Identifying research paper keywords with most usage growth for emerging research topics of actively financing biopharmaceutical industry fields of 2014–2017

Then, we conducted queries of all keywords in Table 3 into the Web of Science Core Collection database to analyze growth in the frequency of those keywords that appeared in the title, keywords, or Keyword Plus of the research papers during 2014–2017. These consecutive years were observed to elucidate the growth of specific research topics throughout what we deemed as an appropriately certain length of time, four years, as determined by reference to leading cases in CRISPR and Cas9, with the maximum years to founding of a startup because its initial associated research paper took four years [4]. Rankings of keywords showing the most growth in incidence for each industry code/subcode were constructed based on growth multiples (Table 4).

Table 4

Keyword frequency growth multiple in web of science core collection related to active financing in biopharmaceutical industry fields during 2014–2017.

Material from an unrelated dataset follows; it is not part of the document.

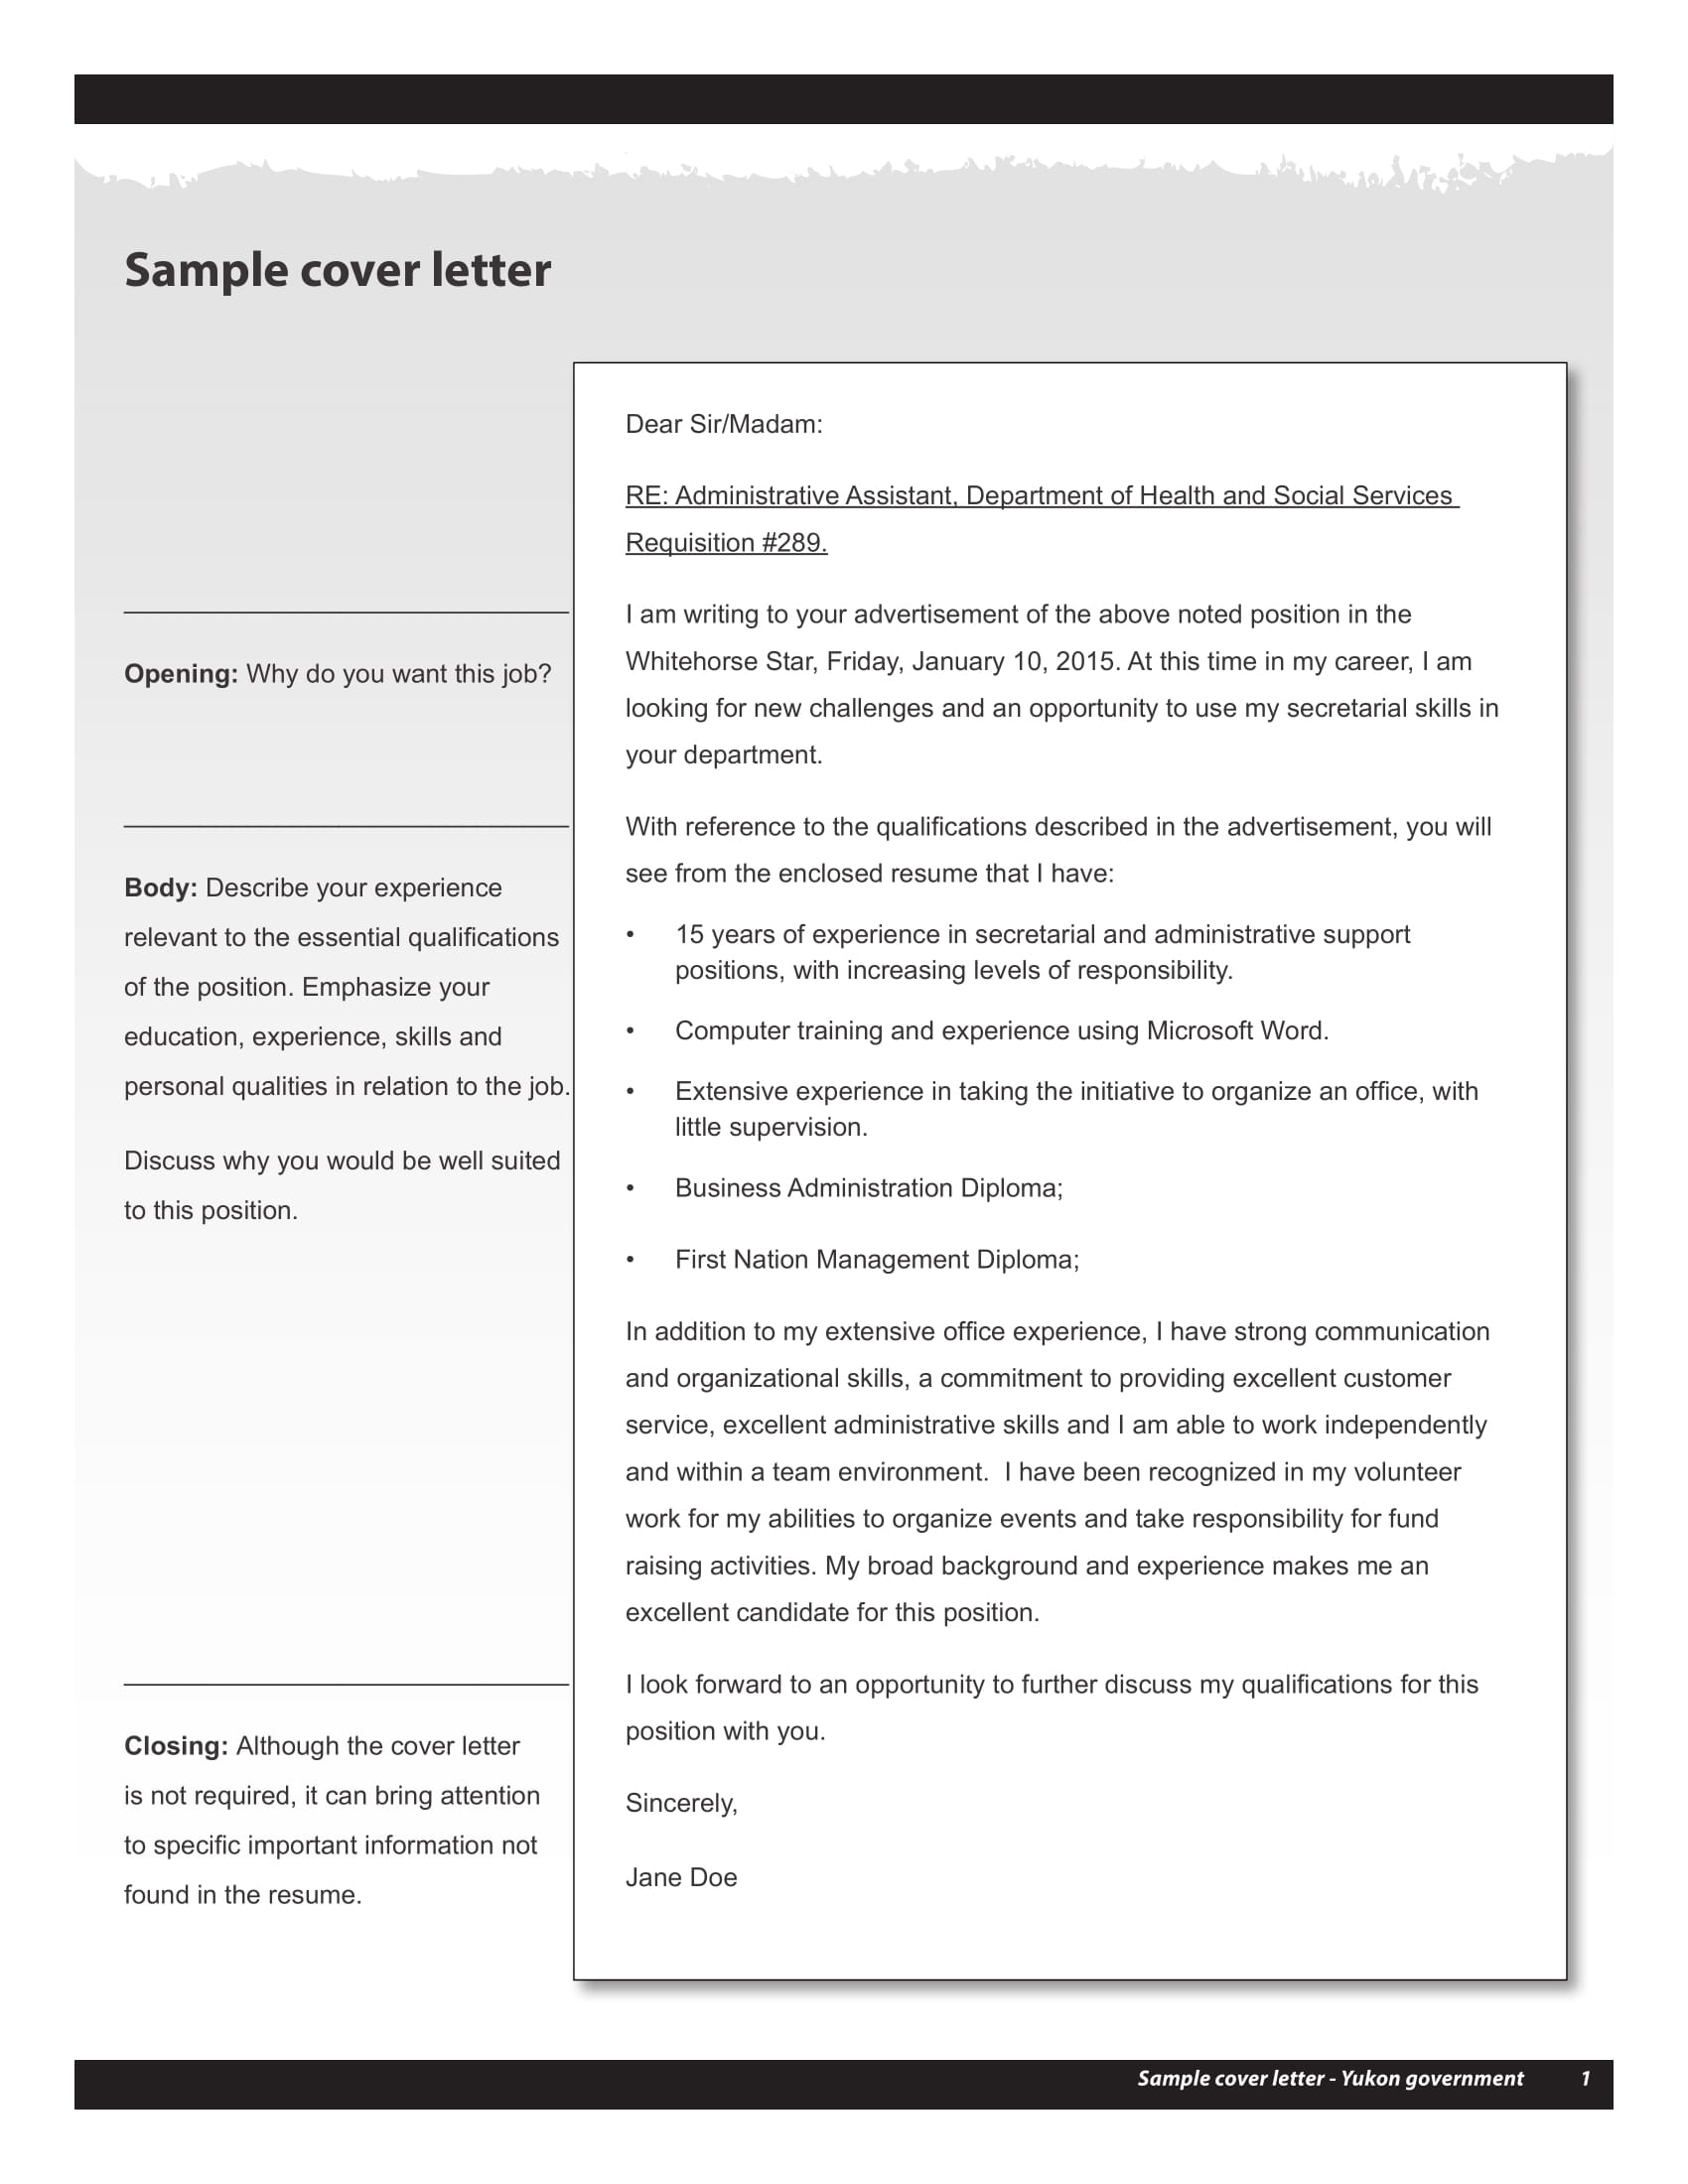 sample resume cover letter 1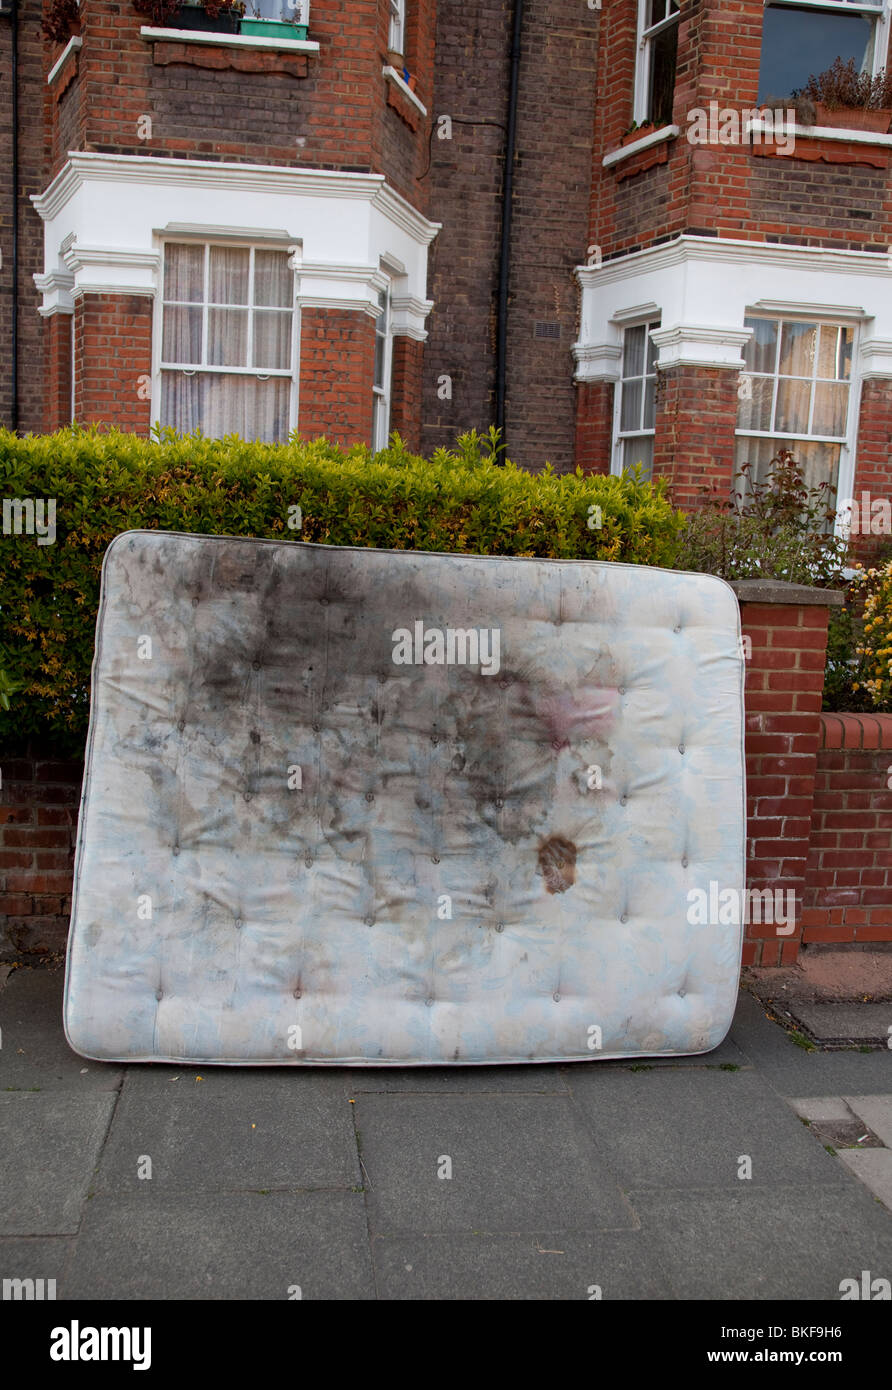 Matelas sale laissée dans une rue du nord de Londres Photo Stock - Alamy

Rank	Keyword	Start Year Count	End Year Count	Growth (×)
Pharmaceuticals
1	therap	1	6	6.00
2	cardi	2	7	3.50
3	super∗bug	9	29	3.22
4	exosome	400	880	2.20
5	cosme	4	8	2.00
6	immun	7	14	2.00
7	allerg	1	2	2.00
8	antibod	1	2	2.00
9	obes	23	44	1.91
10	marijuana	993	1431	1.44
Small Molecule Therapeutics
1	therap	1	6	6.00
2	inflam	1	3	3.00
3	immun	7	14	2.00
4	ventricul	1	2	2.00
5	PSVT	9	14	1.56
6	mayonnaise	41	60	1.46
7	yogurt	396	576	1.45
8	ossific	7	10	1.43
9	onco	126	178	1.41
10	rare disease	8249	11429	1.39
Biotechnology Therapeutics
1	therap	1	6	6.00
2	inflam	1	3	3.00
3	microbiome	1732	4403	2.54
4	immun	7	14	2.00
5	injur	1	2	2.00
6	inflammat	1	2	2.00
7	diseas	4	8	2.00
8	obes	23	44	1.91
9	restor	23	35	1.52
10	paediatr	8	12	1.50
Gene Therapy
1	therap	1	6	6.00
2	Cas9	448	2384	5.32
3	CAR-T	97	485	5.00
4	CRISPR	694	3138	4.52
5	DTC genetic test	13	29	2.23
6	immun	7	14	2.00
7	diseas	4	8	2.00
8	CHM	104	152	1.46
9	AAV	566	813	1.44
10	molec∗ bio	1335	1829	1.37
Immunotherapy/Vaccines
1	Zika	26	2310	88.85
2	therap	1	6	6.00
3	inflam	1	3	3.00
4	allerg	1	2	2.00
5	immun	7	14	2.00
6	antibod	1	2	2.00
7	diseas	4	8	2.00
8	inflammat	1	2	2.00
9	TME	192	365	1.90
10	Dengue	1775	2729	1.54

From the rankings presented above, we extracted keywords with incidences that more than doubled between 2014 (Start Year) and 2017 (End Year) and which appeared more than 100 times in 2017 (End Year) for an additional survey. Five keywords met these criteria from each industry code/subcode. All are emerging research topics that have attracted academic attention to a rapidly increasing degree.

Pharmaceuticals: exosome

Exosomes are small microvesicles released from late endosomal compartments of cultured cells in many and eukaryotic fluids, including blood and urine [35, 36]. They are either released from the cell when multivesicular bodies fuse with the plasma membrane, or are released directly from the plasma membrane https://en.wikipedia.org/wiki/Exosome_(vesicle) [37]. Moreover, they have specialized functions such as coagulation, intercellular signaling, and waste management [35]. Consequently, growing interest has arisen in their clinical applications. Exosomes might be used for therapy and prognosis, or as biomarkers for health and disease.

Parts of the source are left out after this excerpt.